▶ [What the task asks] Leaving the pictures aside, return the listing exactly as it appears.

------ Data excerpt

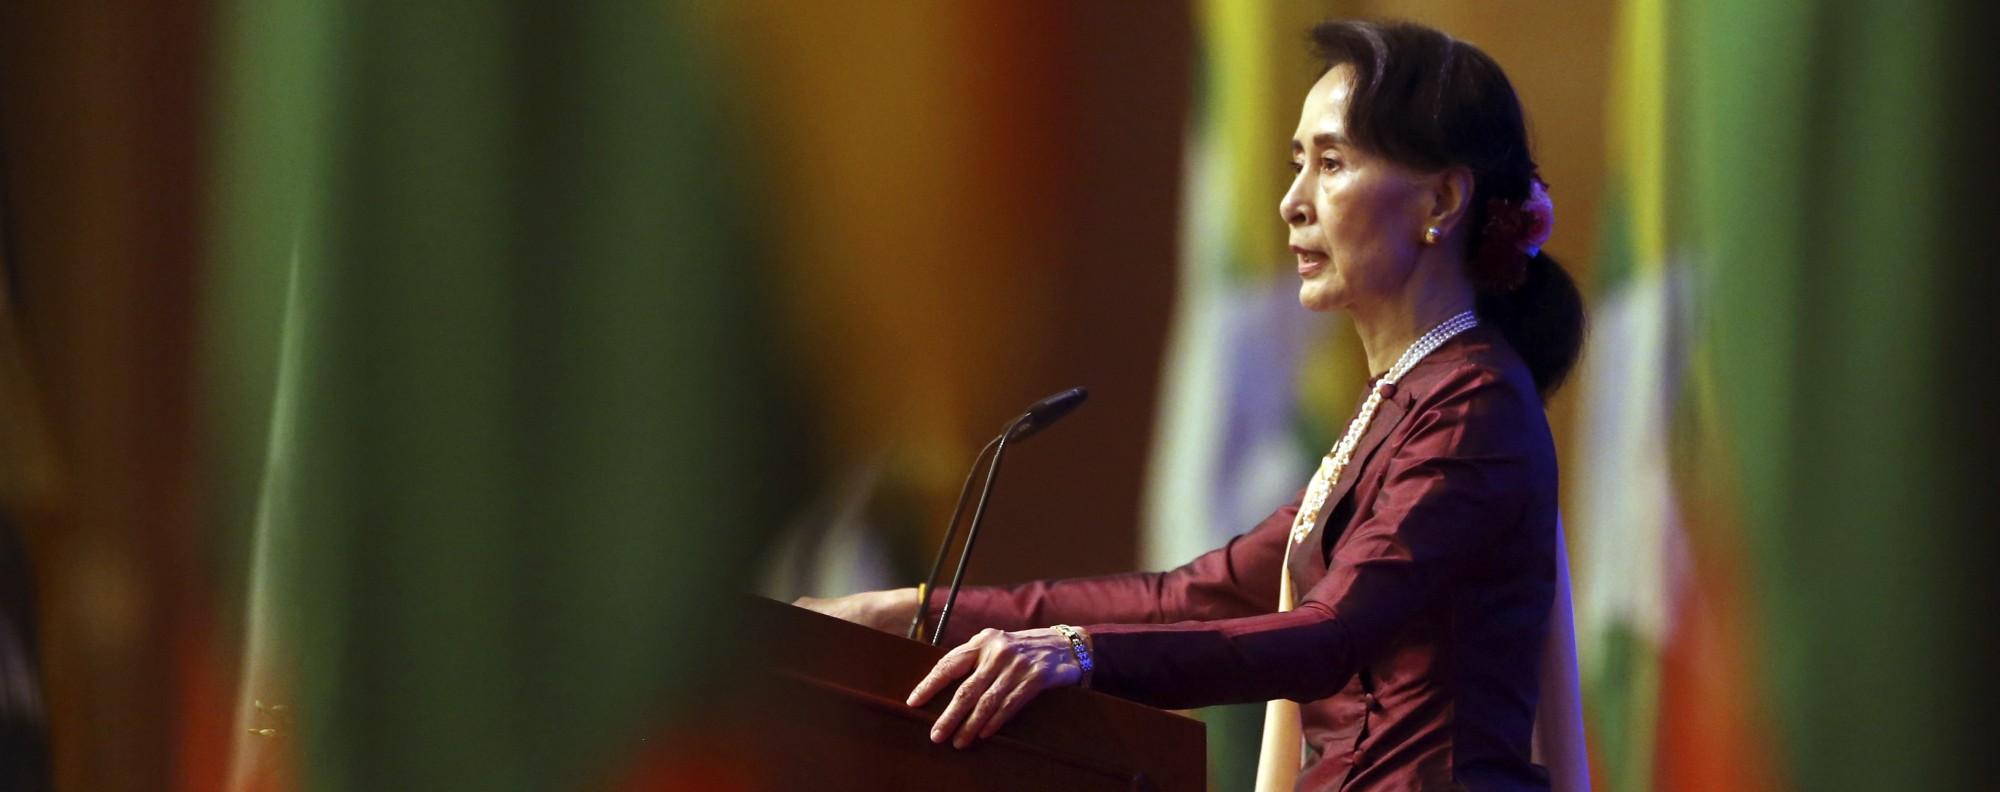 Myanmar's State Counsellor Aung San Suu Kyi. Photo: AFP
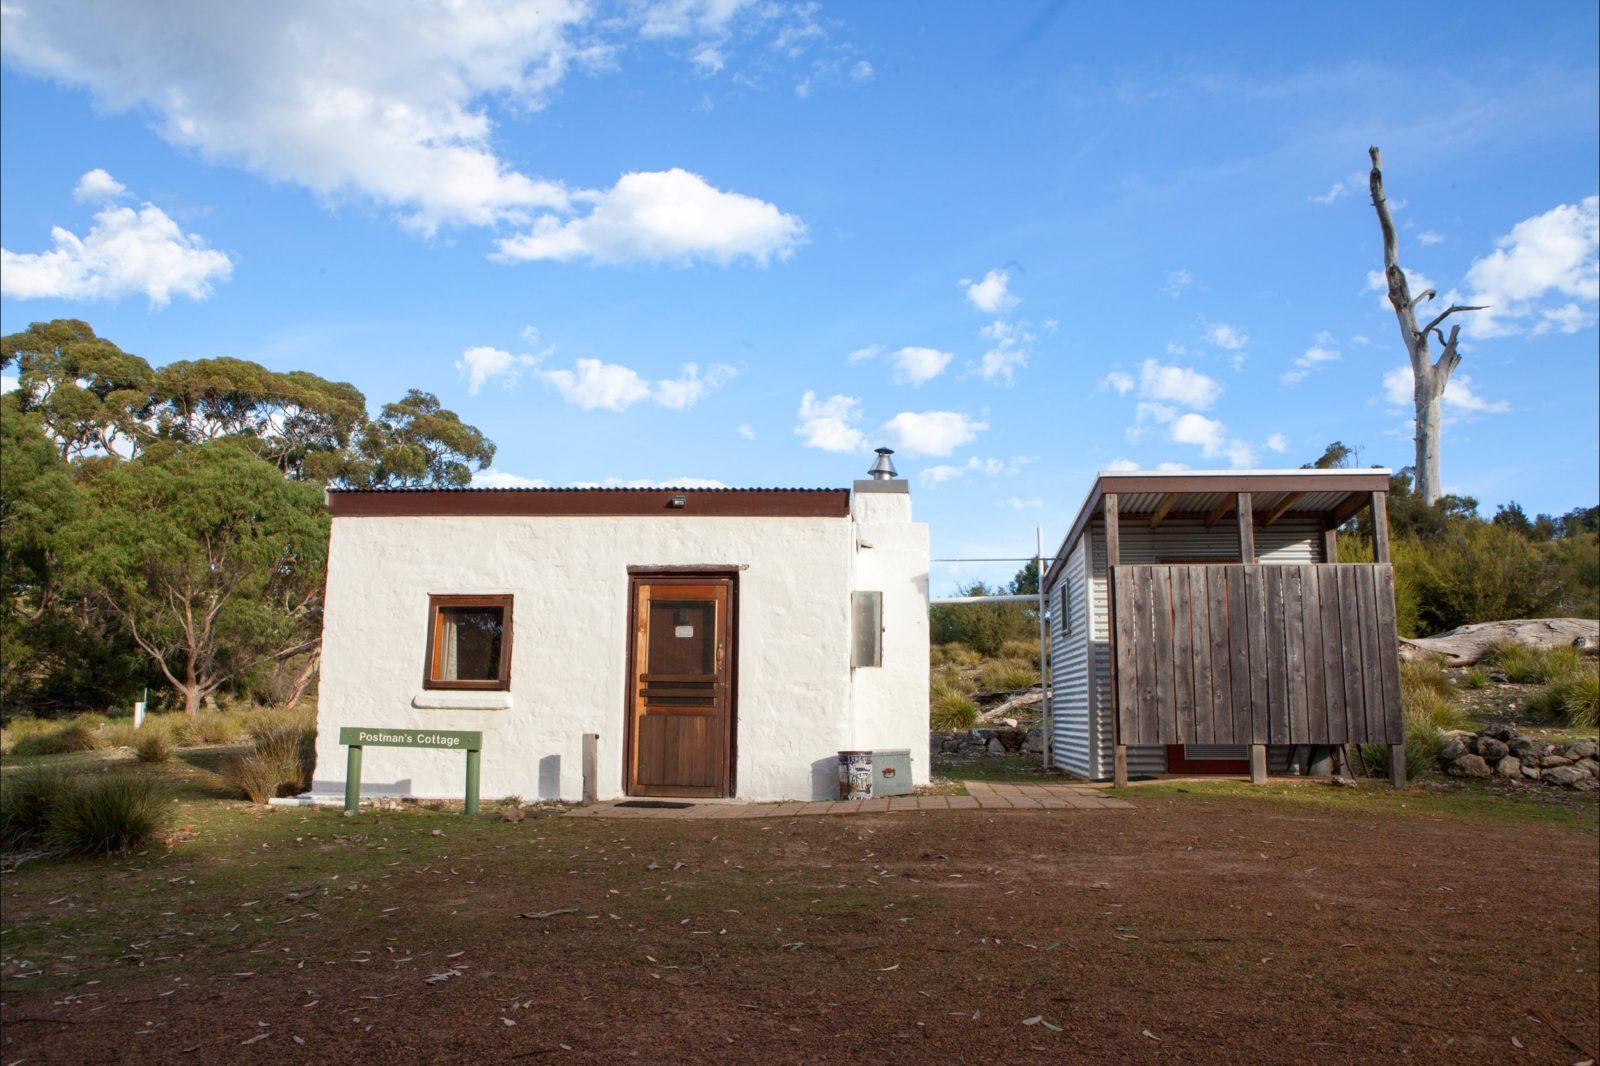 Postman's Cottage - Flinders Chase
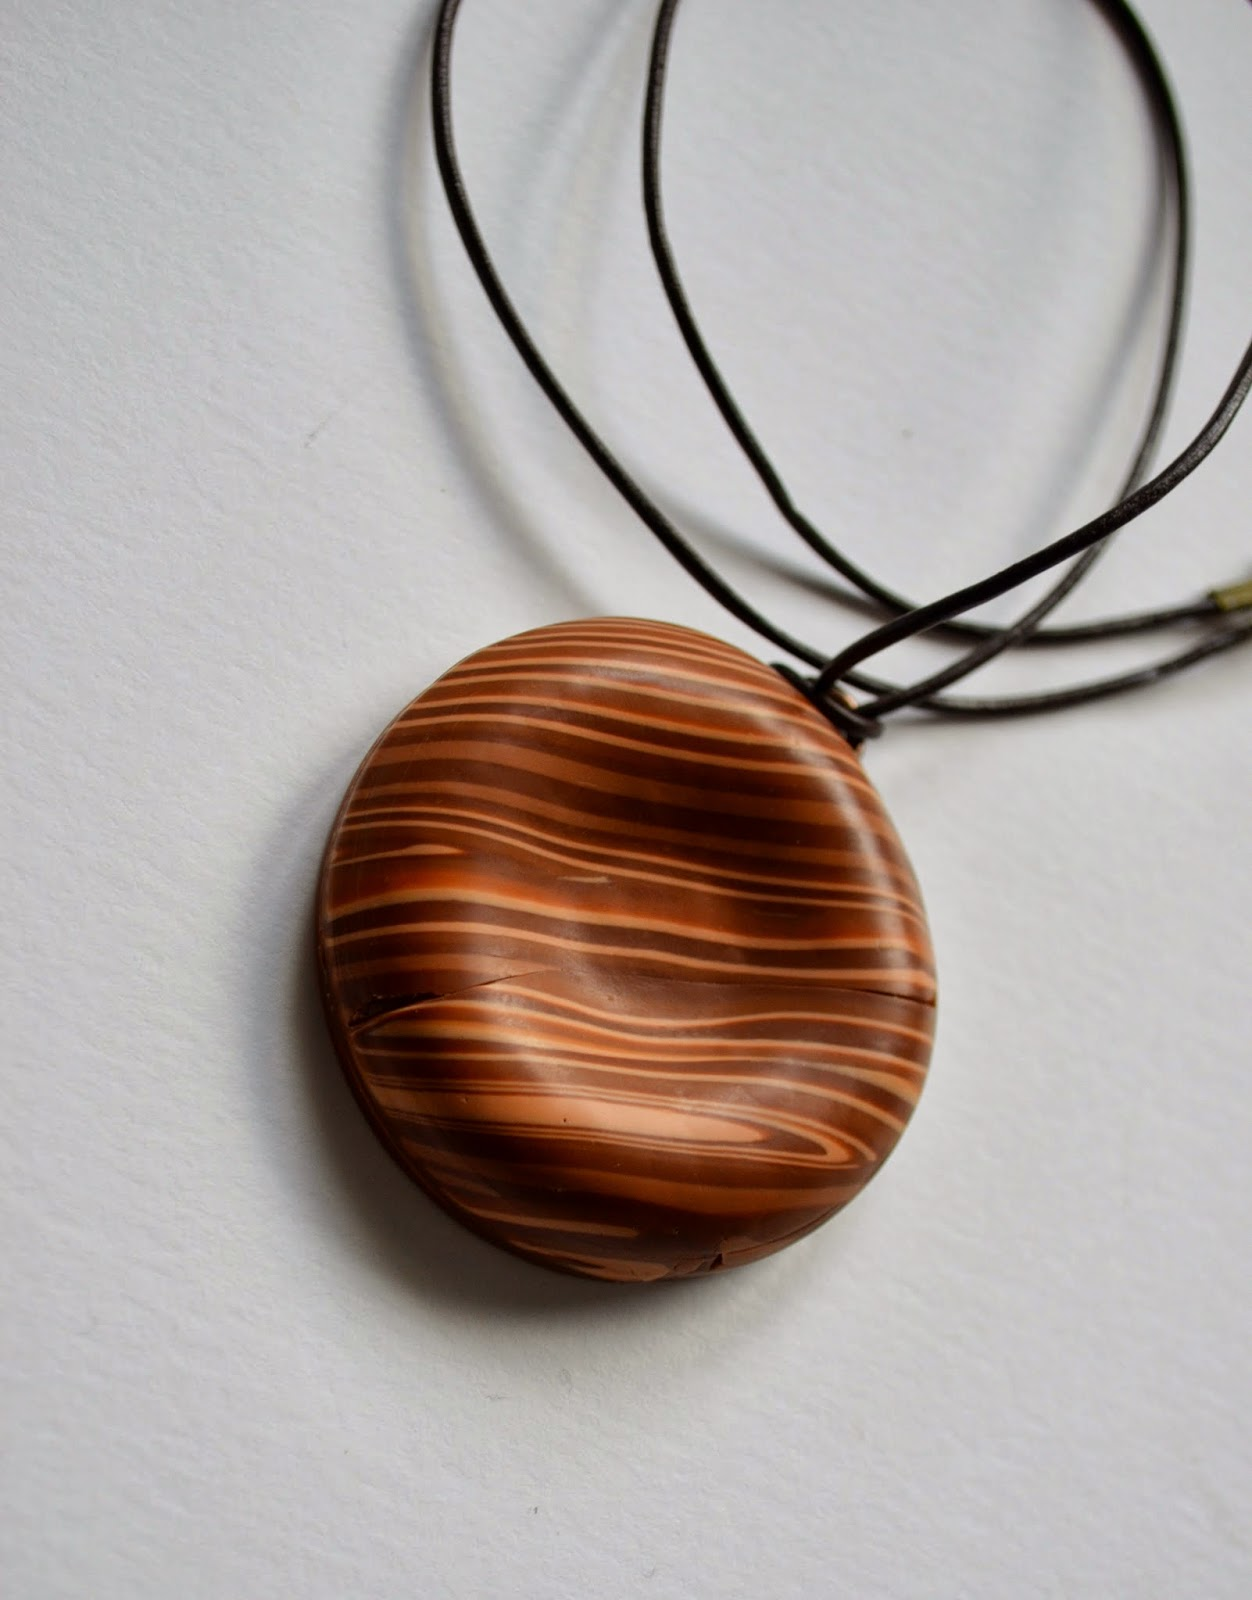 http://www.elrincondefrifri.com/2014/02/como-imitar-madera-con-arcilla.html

------------

▶ [Task output]
 Myanmar's State Counsellor Aung San Suu Kyi. Photo: AFP
 Postman's Cottage - Flinders Chase
 http://www.elrincondefrifri.com/2014/02/como-imitar-madera-con-arcilla.html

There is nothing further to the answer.